● INPUT MATERIAL:
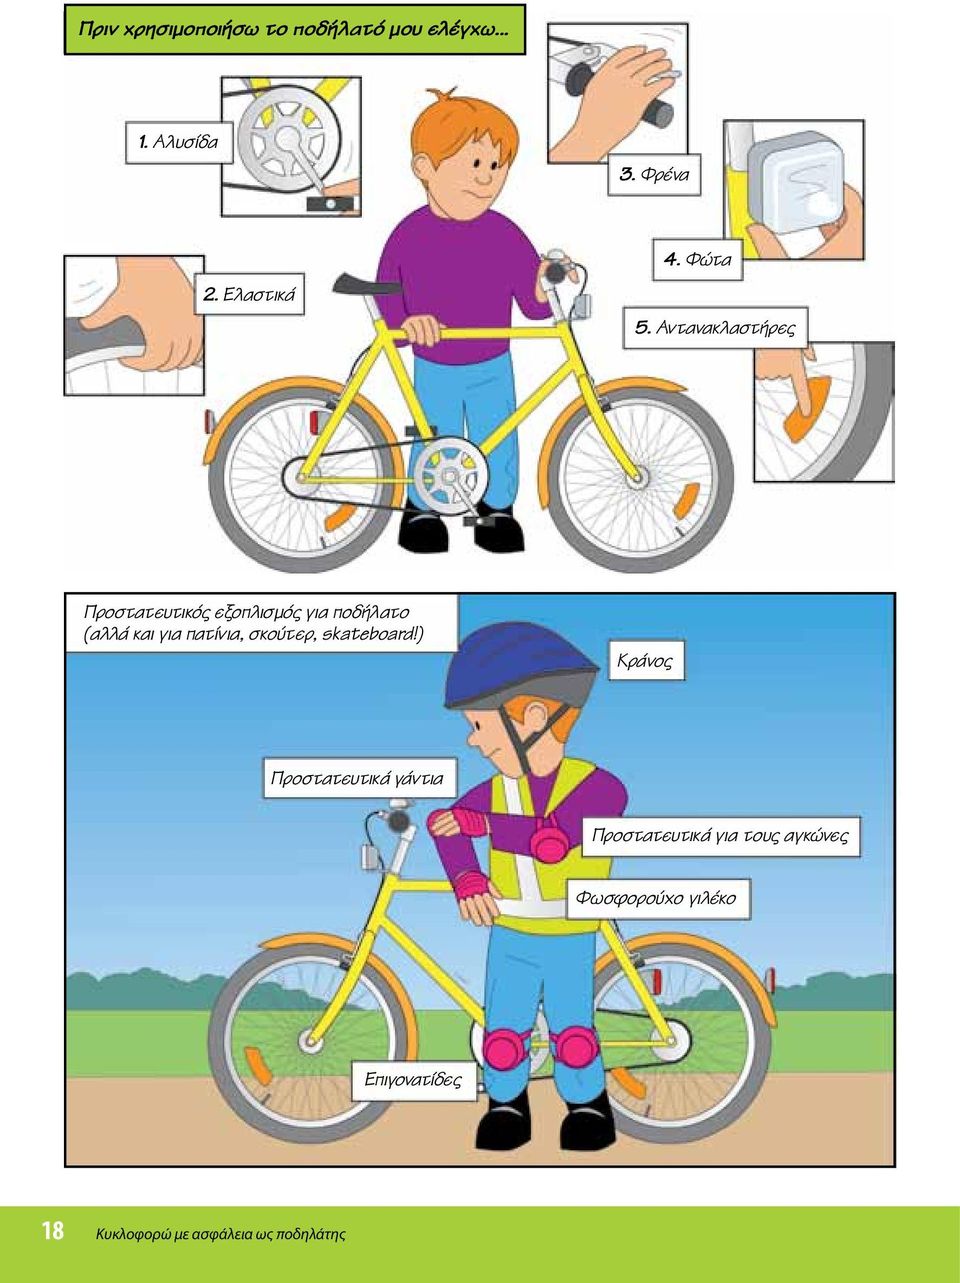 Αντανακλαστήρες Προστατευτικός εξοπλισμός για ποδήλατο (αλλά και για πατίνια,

---

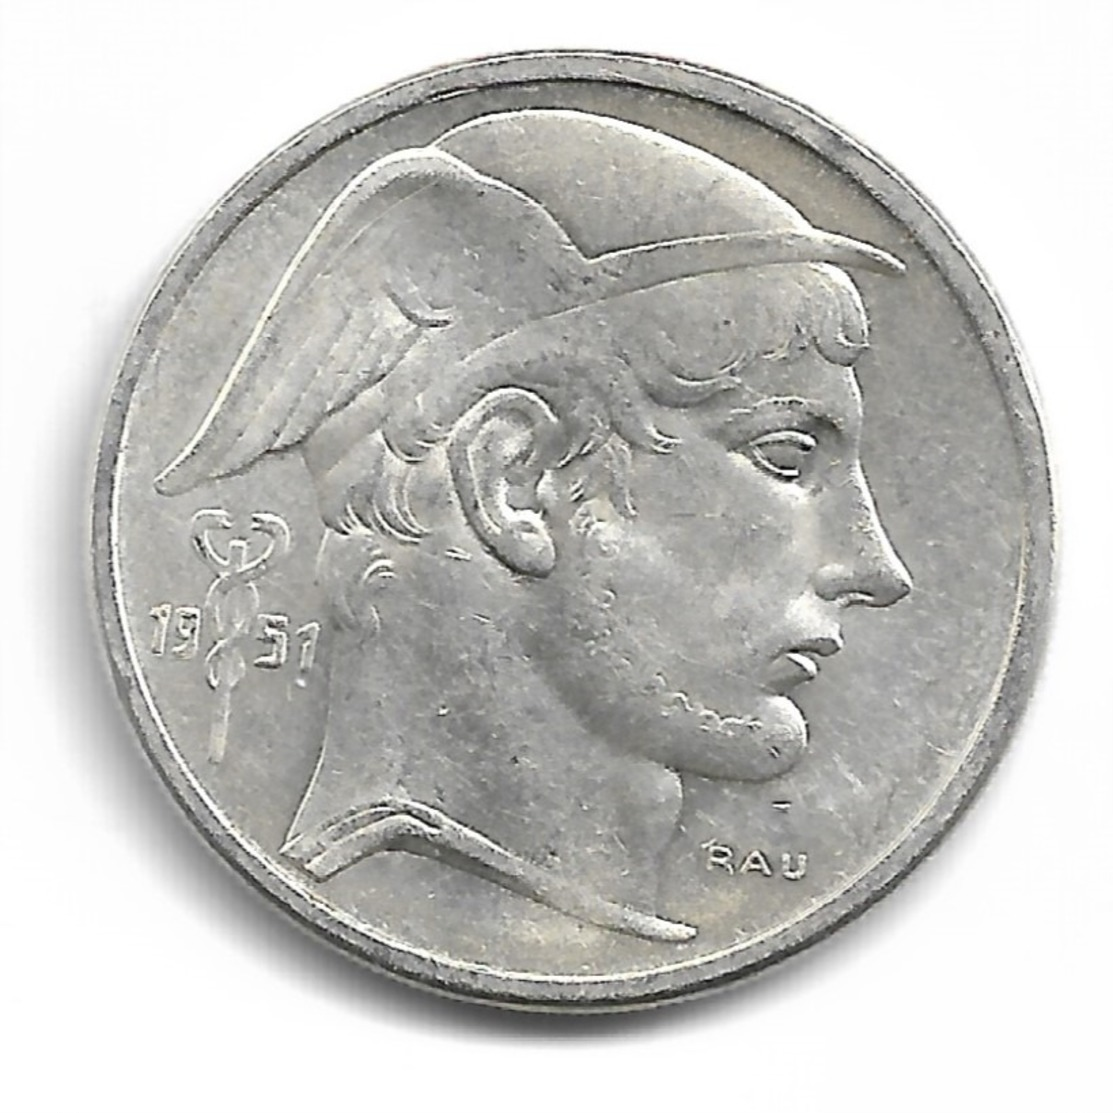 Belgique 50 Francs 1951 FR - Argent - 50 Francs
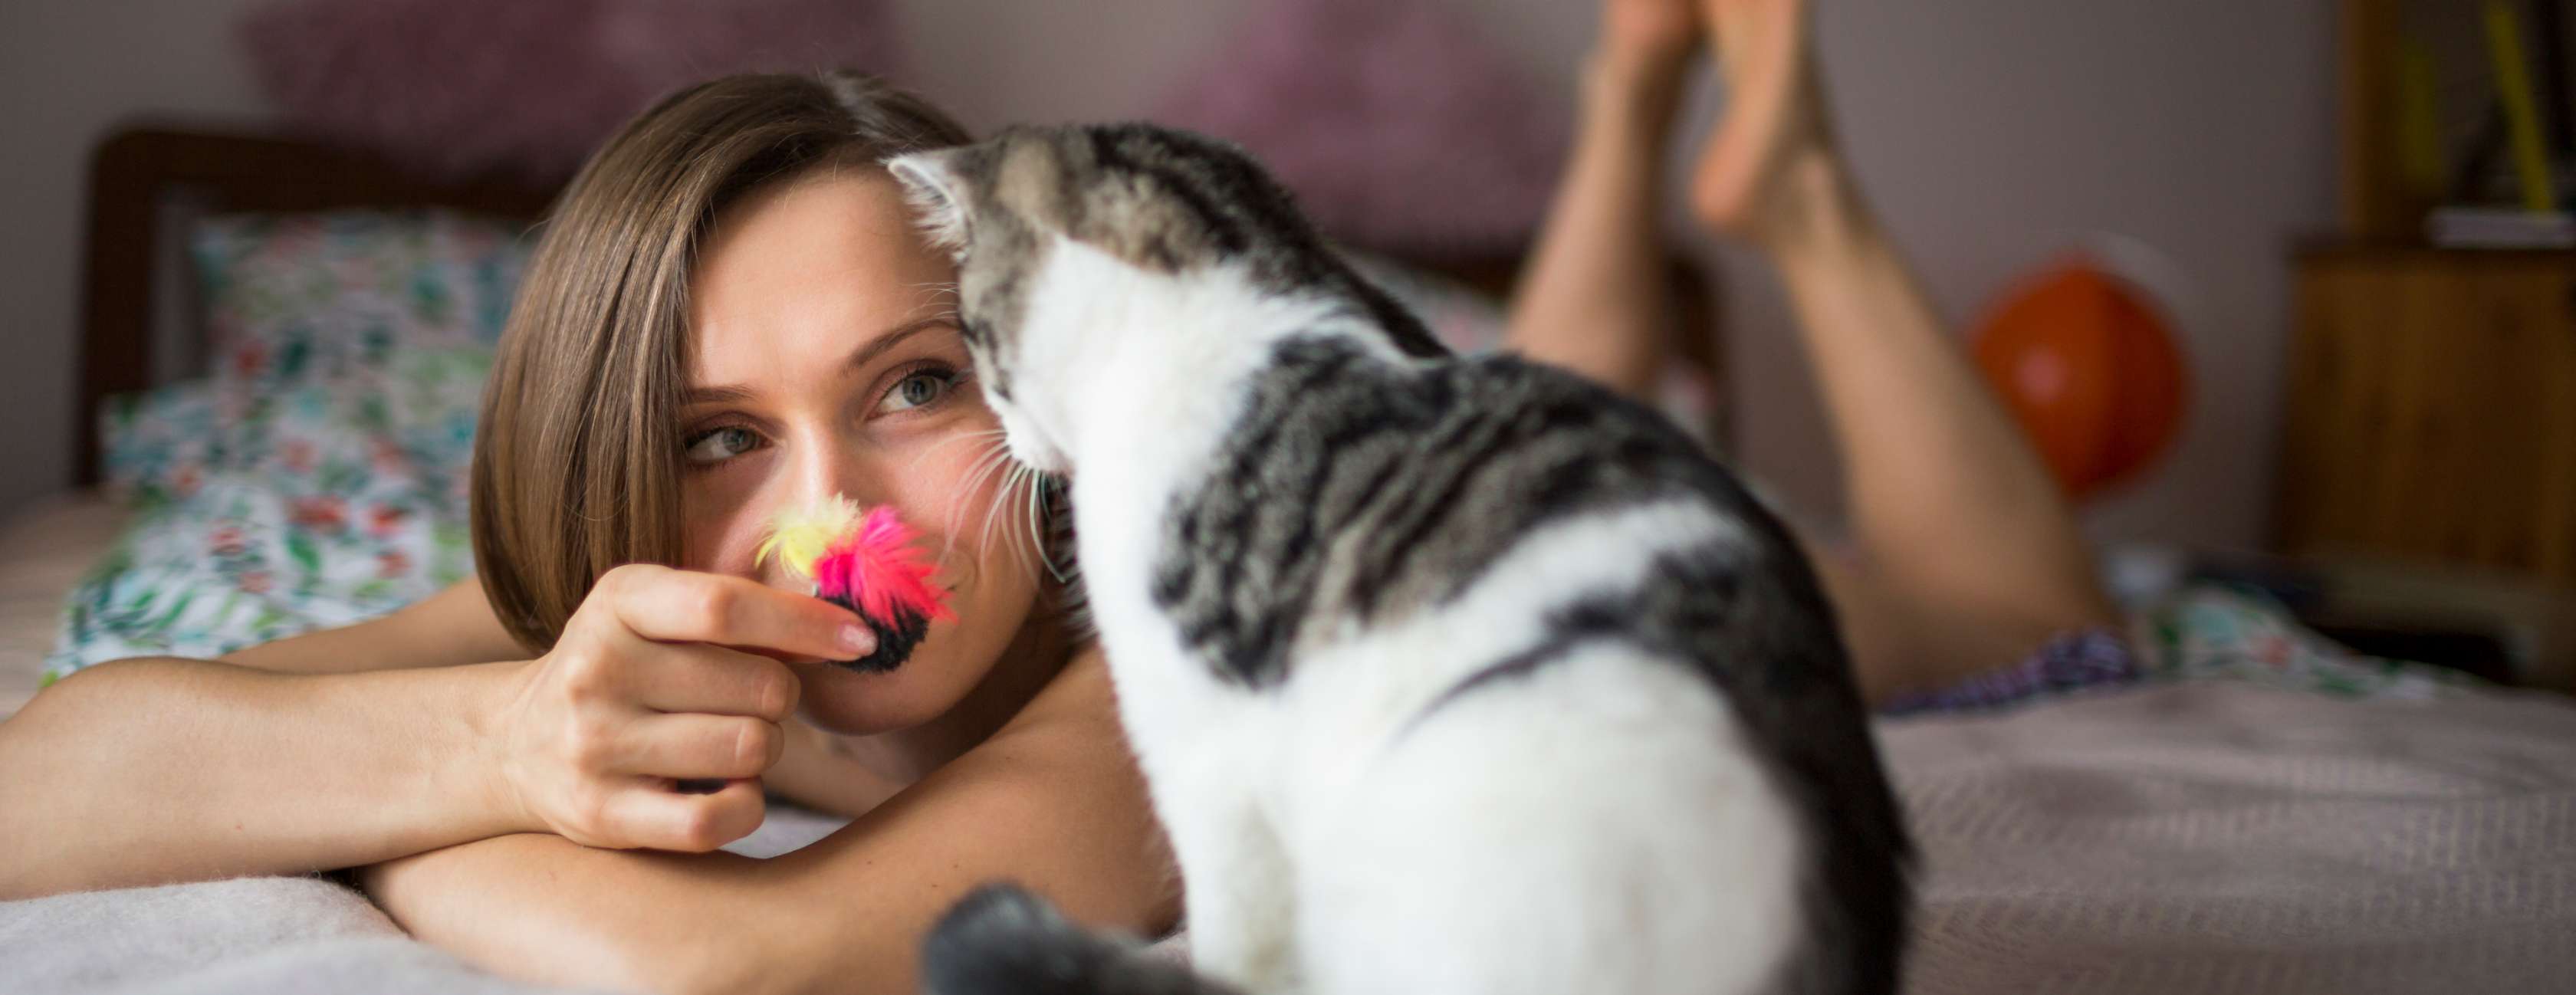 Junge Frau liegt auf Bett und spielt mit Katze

--

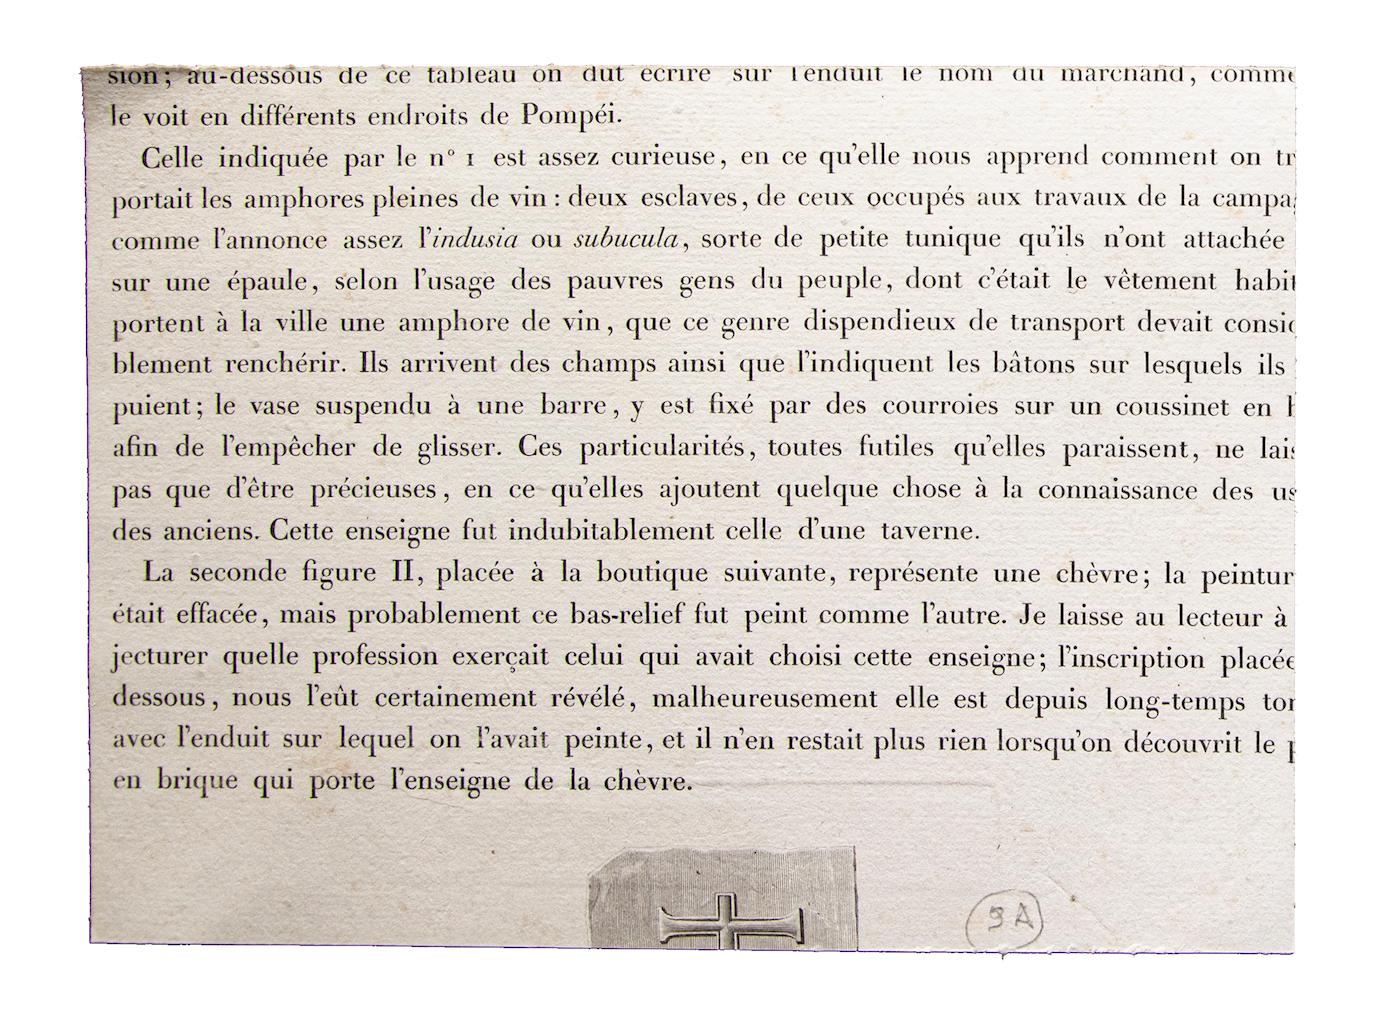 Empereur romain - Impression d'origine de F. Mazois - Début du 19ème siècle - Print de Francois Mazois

● WHAT TO WORK ON: In the records above, everything from the line with "Belgique 50 Francs" down to the line with "Junge Frau liegt" must be duplicated exactly, both lines kept. Leave no pictures in.

● RESPONSE BELOW:
 Belgique 50 Francs 1951 FR - Argent - 50 Francs
 Junge Frau liegt auf Bett und spielt mit Katze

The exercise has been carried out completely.